At the end of 2017, following Timeless being deployed everywhere as opt-in, Isarra applied for a grant to continue supporting and developing Timeless (I volunteered as one of the advisors). Despite overwhelming public support from community members and WMF staff, it was rejected for vague reasons that I'm comfortable describing as in bad faith. Eventually she applied yet once again and received approval midway through 2018. This time I provided some of the "official WMF feedback" publicly. But the constant delays and secret objections took a lot of steam out of the project.

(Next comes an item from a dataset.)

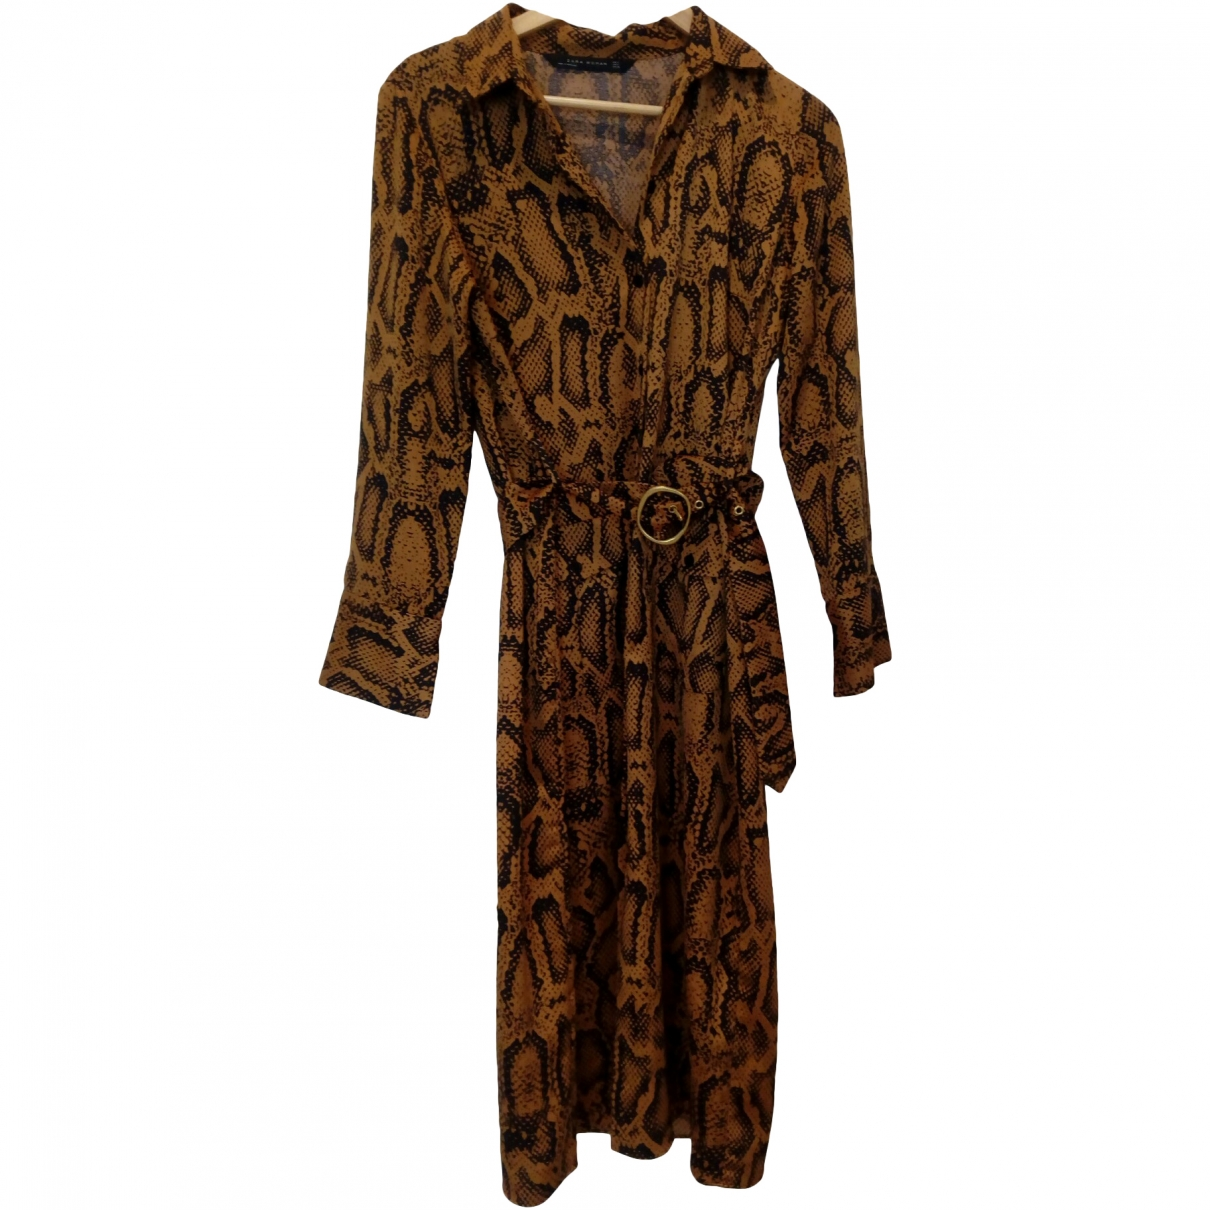 Zara \N Brown dress for Women M International

Despite all of that, people were still enthusiastic about Timeless! In March 2019, the French Wiktionary requested Timeless to become their default skin. This is a much bigger deal than just allowing it as an opt-in choice, and led to discussion of whether Wikimedia wikis need to have a consistent brand identity, how much extra work developers would need to do to ensure they fully support the now-two default skins, and so on. You can read the full statement on why the task was declined - I largely don't disagree with most of it and the conclusion. If Timeless was going to become the default, it really needed to be the default for everyone.

Of course, this principle of consistency would be thrown out in the 2022 English Wikipedia discussion on whether to switch the default to the new "Vector 2022" skin, which was going to be allowed to opt-out of the interface everyone else was using if they voted against it.

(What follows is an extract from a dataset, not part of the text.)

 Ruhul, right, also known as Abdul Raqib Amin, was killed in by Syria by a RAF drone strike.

Had the French Wiktionary been allowed to switch their default to Timeless, it would've continued to get more attention from users and developers, likely leading to more wikis asking for it to become the default.

You can skim through how Vector 2022 came about. Just imagine if even a fraction of those resources had gone toward moving forward with Timeless, backing a volunteer-driven project. It's just sad to think of it now.

So...

I started this story with Jorm's op-ed rather than a history of MediaWiki skins because I think he accurately captured that the skin is just a subset of the broader workflows that Wikipedians go through that desperately need improvement. Unfortunately that focus on workflows has been lost and it shows, we're all still using the same gadgets for critical workflows that we were 10 years ago. (I won't go into detail on the various Timeless features that make workflows easier rather than more difficult.)

Vector 2022, coming 12 years after the original Vector, is a rather narrow subset of fixes to the largest problems Vector had (lack of responsiveness, collapsed personal menu, sticky header, etc.). It's just not the bold change we need. Timeless, far from perfect, was certainly a lot closer.